Fuller’s “History of the Worthies of England,” published posthumously in 1662, was the first comprehensive collection of English biographical sketches. It is considered the forerunner of “The Dictionary of National Biography.” Although Fuller was only eight years old when Shakespeare died, his ‘Worthies’ provides us with one of the first biographical insights into the bard. Commenting on the verbal jousts between Shakespeare and Ben Jonson, Fuller wrote “Many were the wit-combats betwixt him and Ben Jonson; which two I behold like a Spanish great Galleon and an English Man of War! Master Jonson, like the former, was built far higher in learning; solid, but slow in his performances. Shakespeare, the English Man of War, lesser in bulk but lighter in sailing, could turn with all tides and take advantage of all winds, by the quickness of his wit and invention!”

During his lifetime, Fuller was an acquaintance of Samuel Pepys. In the centuries after he died, his work was admired by Samuel Taylor Coleridge and Charles Lamb. Coleridge wrote, “Wit was the stuff and substance of Fuller’s intellect. It was the element, the earthen base, the material which he worked in; and this very circumstance has defrauded him of his due praise for the practical wisdom of the thoughts, for the beauty and variety of the truths, into which he shaped the stuff.

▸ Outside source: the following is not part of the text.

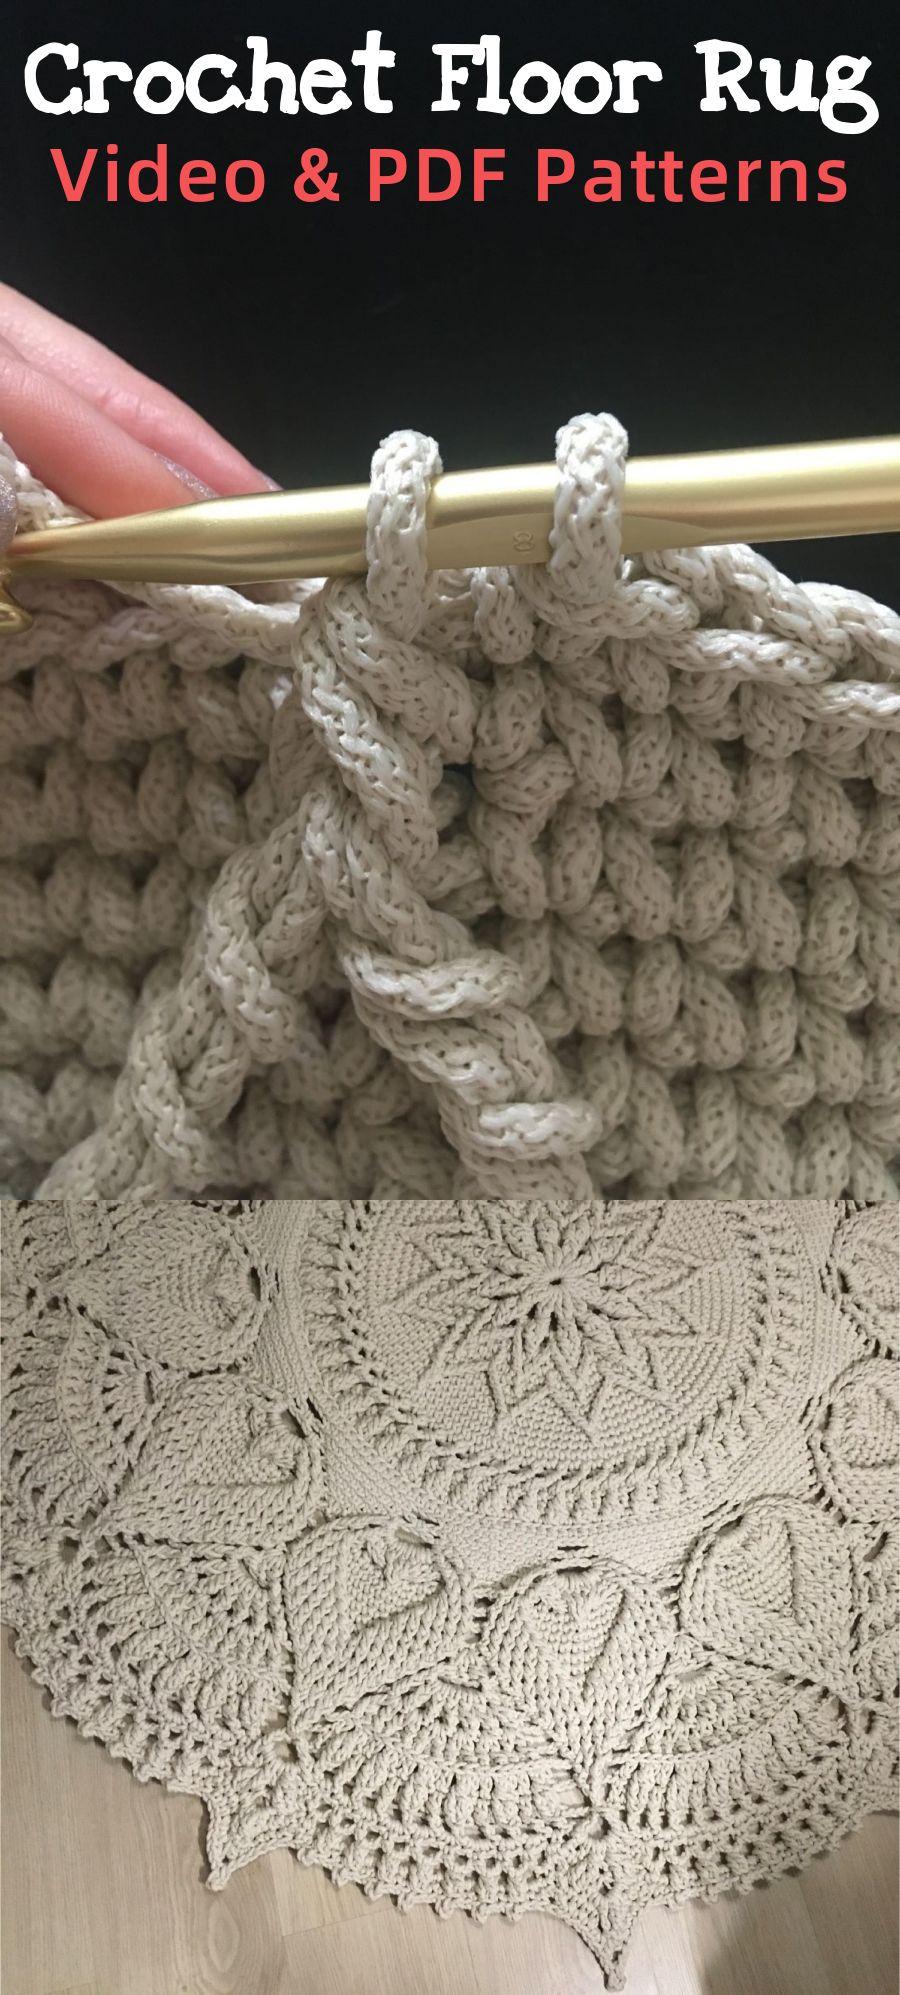 Video Tutorial Crocheting Rug Fox Text Description In Etsy In 2020 Crochet Rug Crochet Mat Crochet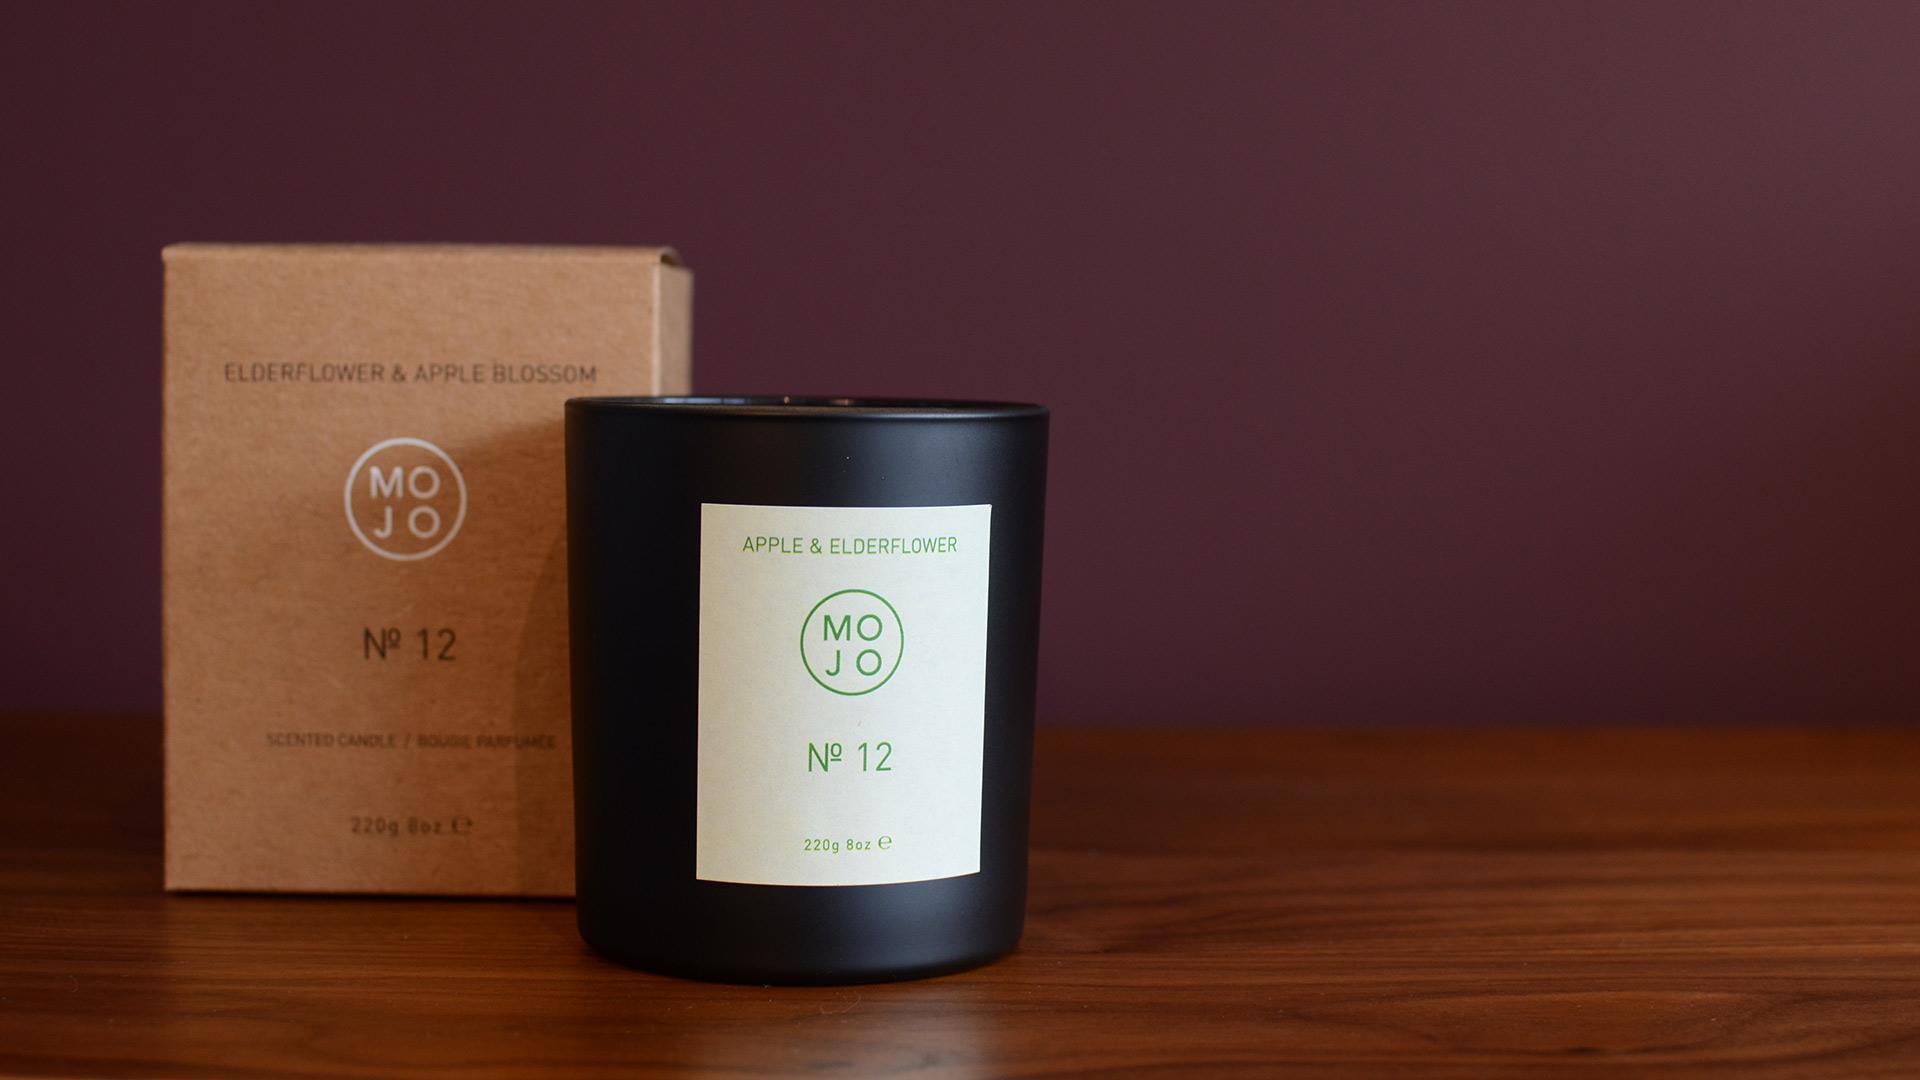 apple-&-elderflower-mojo-scented-candle

Fuller was incomparably the most sensible, the least prejudiced, great man of an age that boasted a galaxy of great men”

Fuller’s birthday was not recorded but he was baptized on June 19, 1608. In honor of his 400th birthday, The New York Times has assembled an online slide show of images from “The History of the Worthies of England” and some of his other works and invites readers to consider what relevancy they might have in the 21st Century.